Please restate the listing word for word, omitting the images.

[GIVEN INFORMATION]
---+---
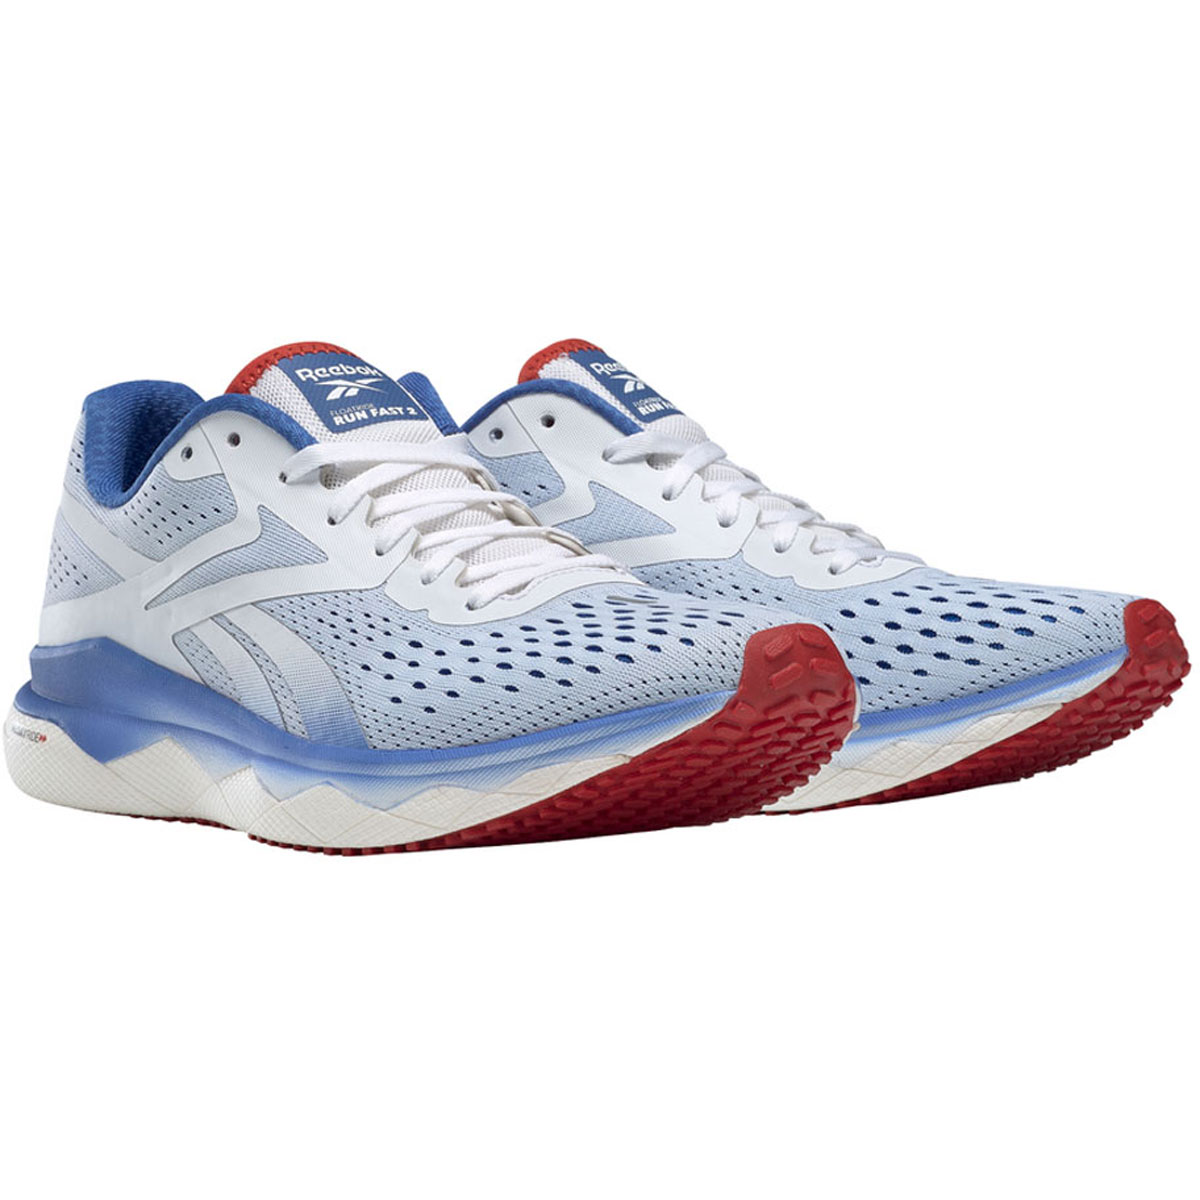 Men's Reebok Floatride Run Fast 2.0 Running Shoe - Color: White/Blue Blast Legacy Red (Regular Width) - Size: 8.5, White/Blue Blast Legacy Red, large, image 2
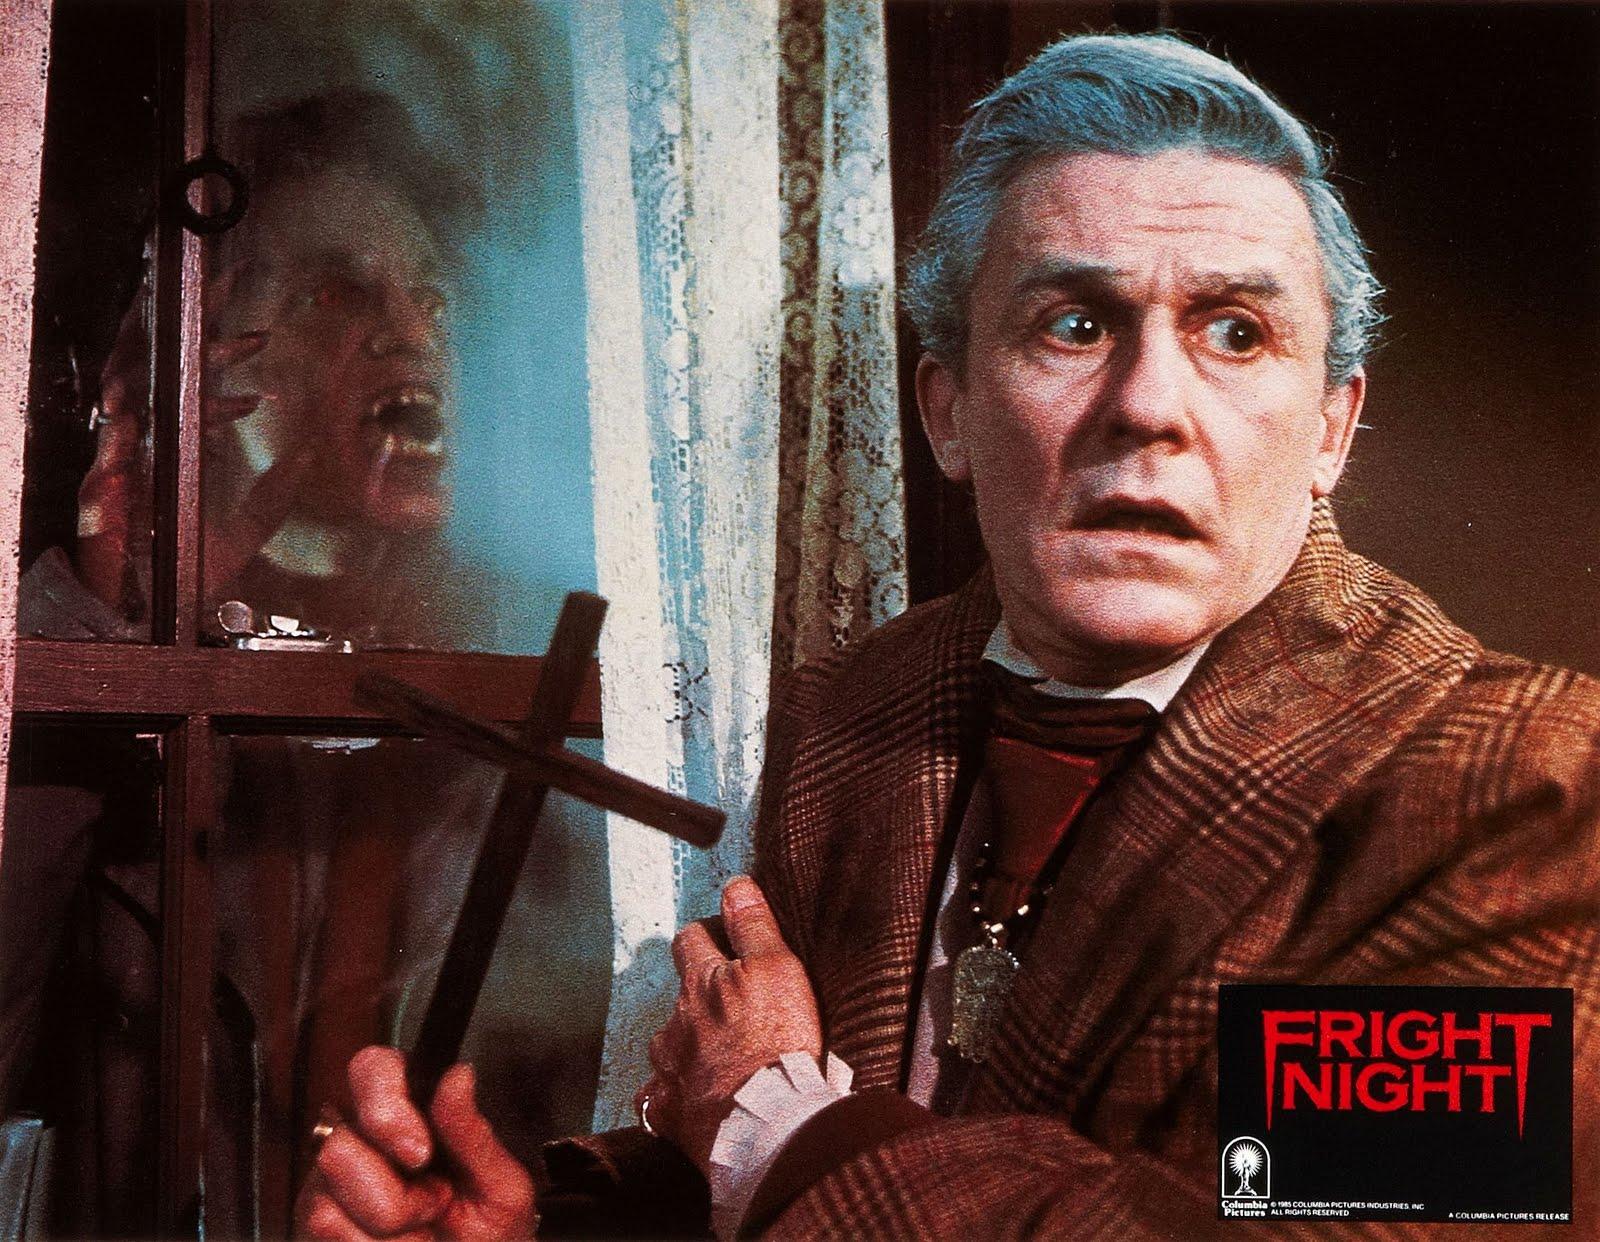 Happyotter: FRIGHT NIGHT (1985)
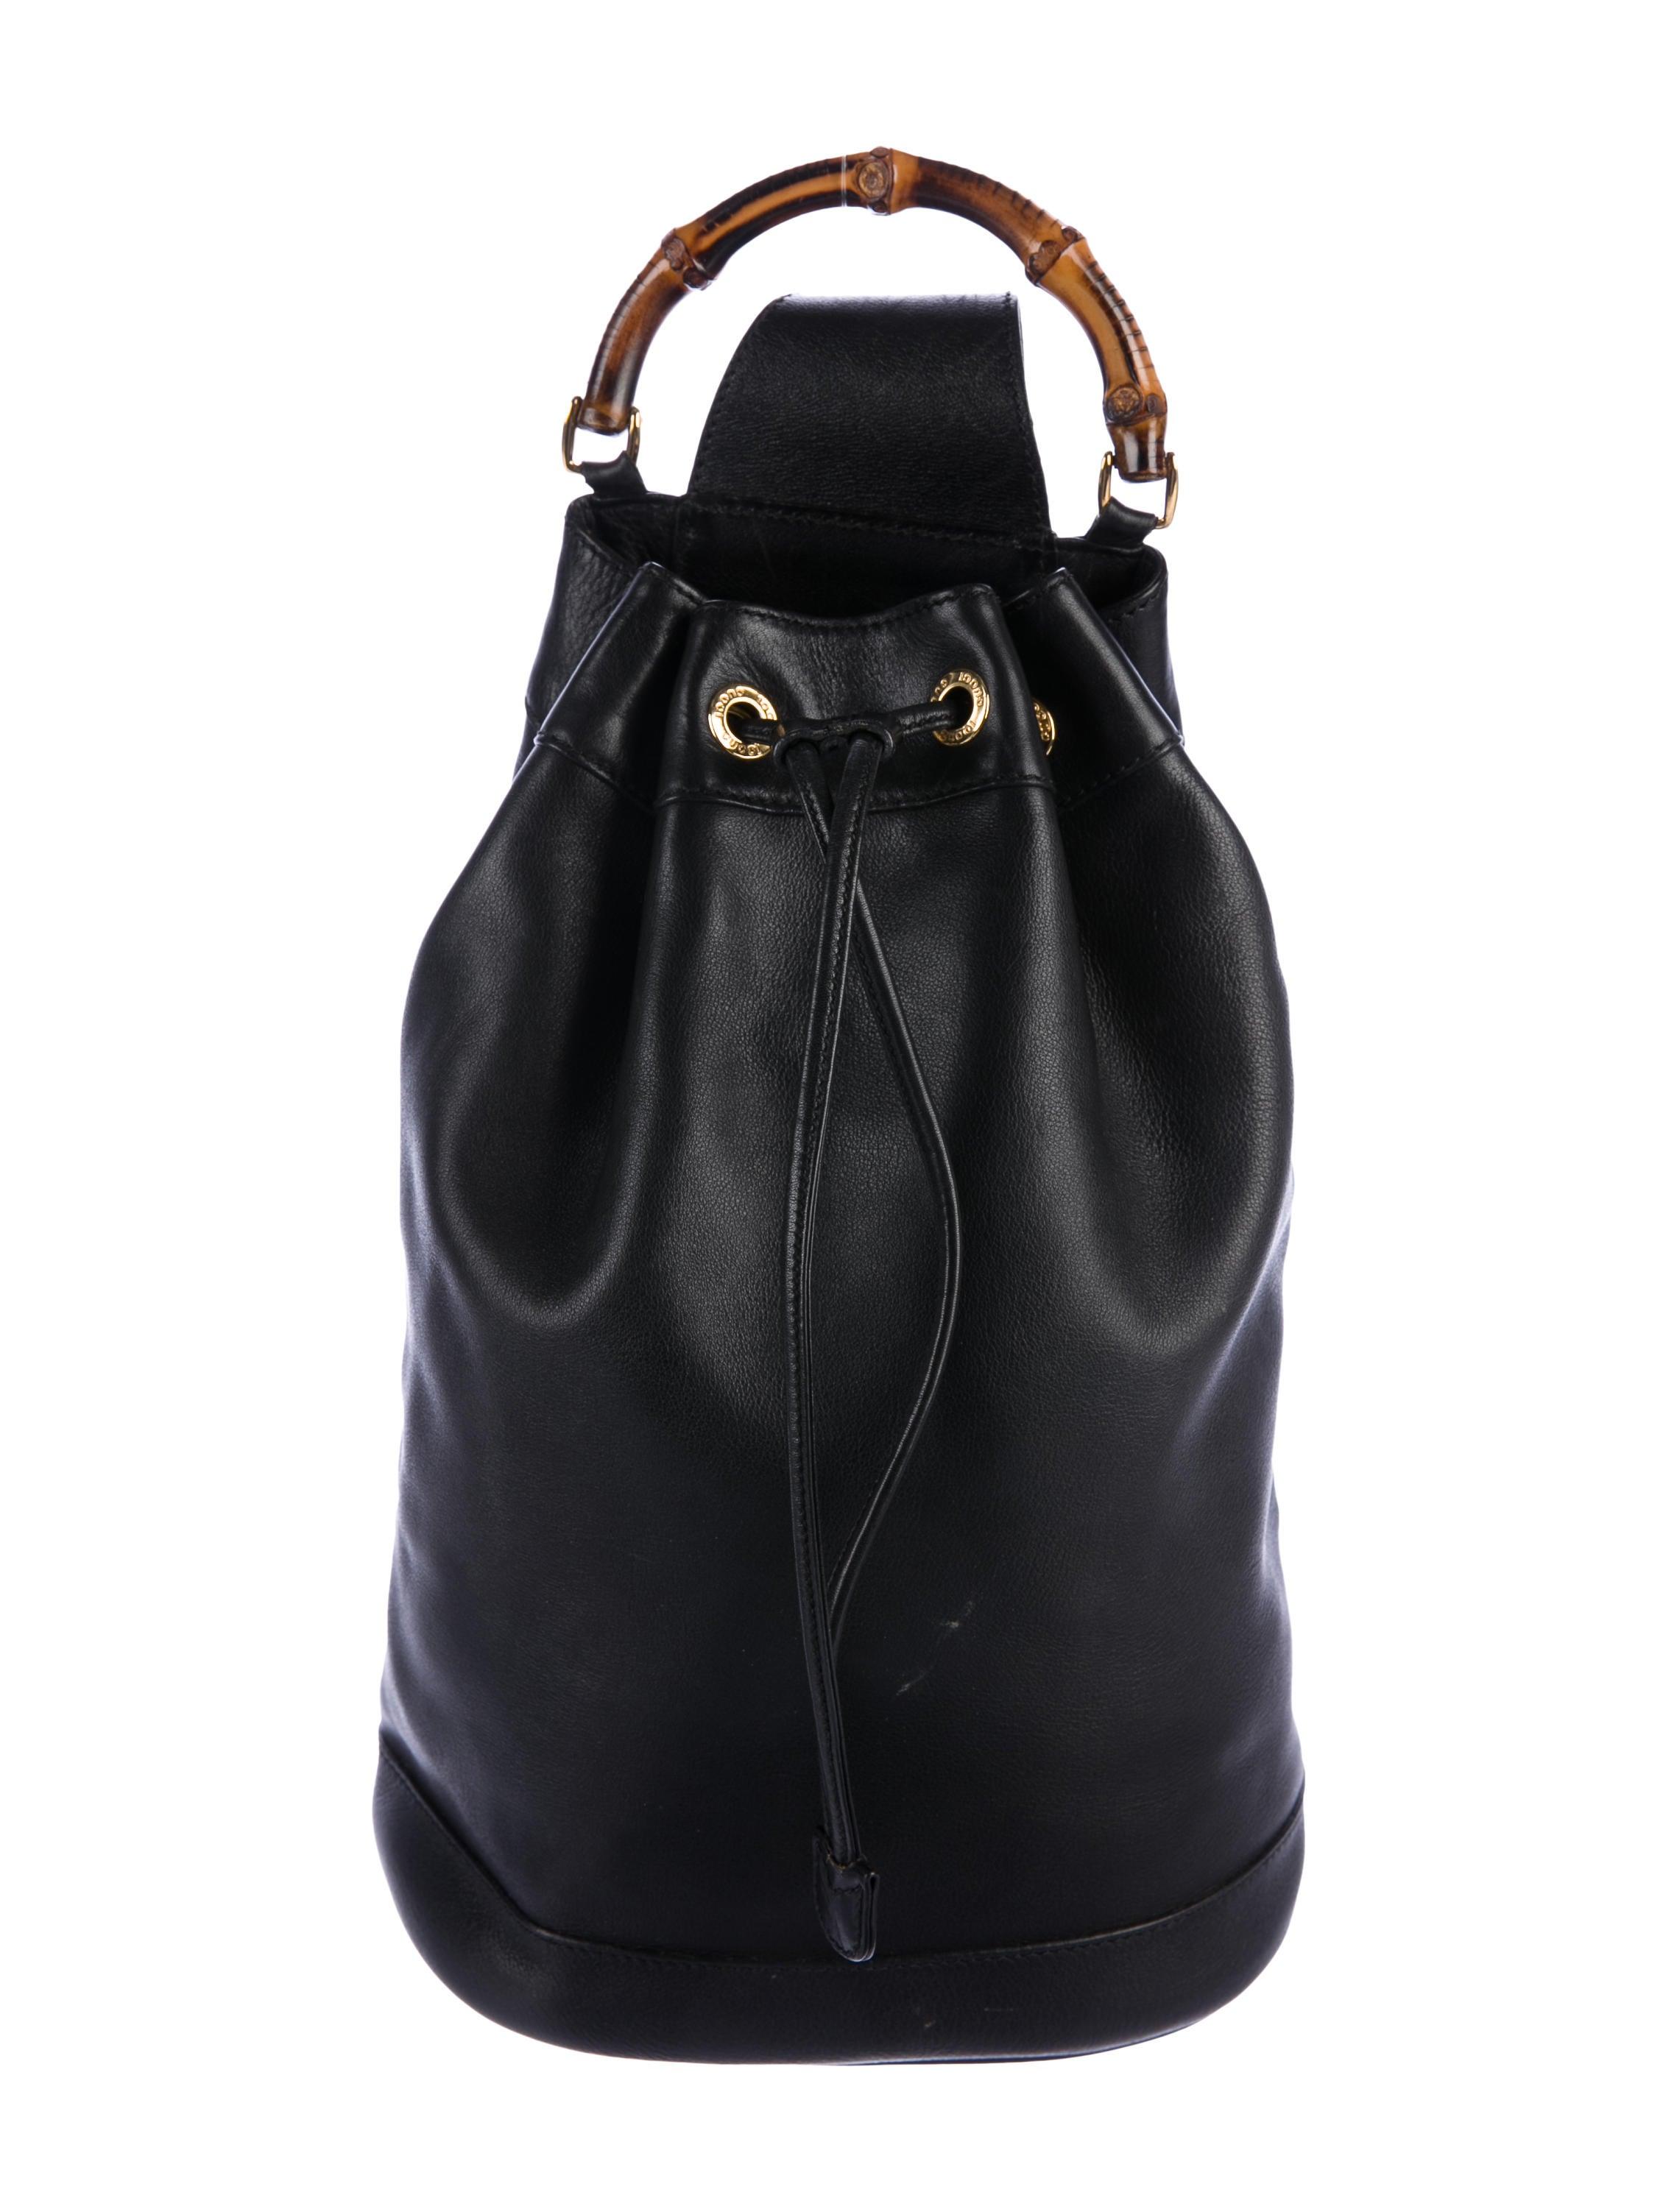 Innovative NEW Authentic GUCCI Crystal GG MESSENGER BAG LAPTOP SLING BAG Brown 278301 9643 | EBay
---+---
[SOLVED PROBLEM]
 Men's Reebok Floatride Run Fast 2.0 Running Shoe - Color: White/Blue Blast Legacy Red (Regular Width) - Size: 8.5, White/Blue Blast Legacy Red, large, image 2
 Happyotter: FRIGHT NIGHT (1985)
 Innovative NEW Authentic GUCCI Crystal GG MESSENGER BAG LAPTOP SLING BAG Brown 278301 9643 | EBay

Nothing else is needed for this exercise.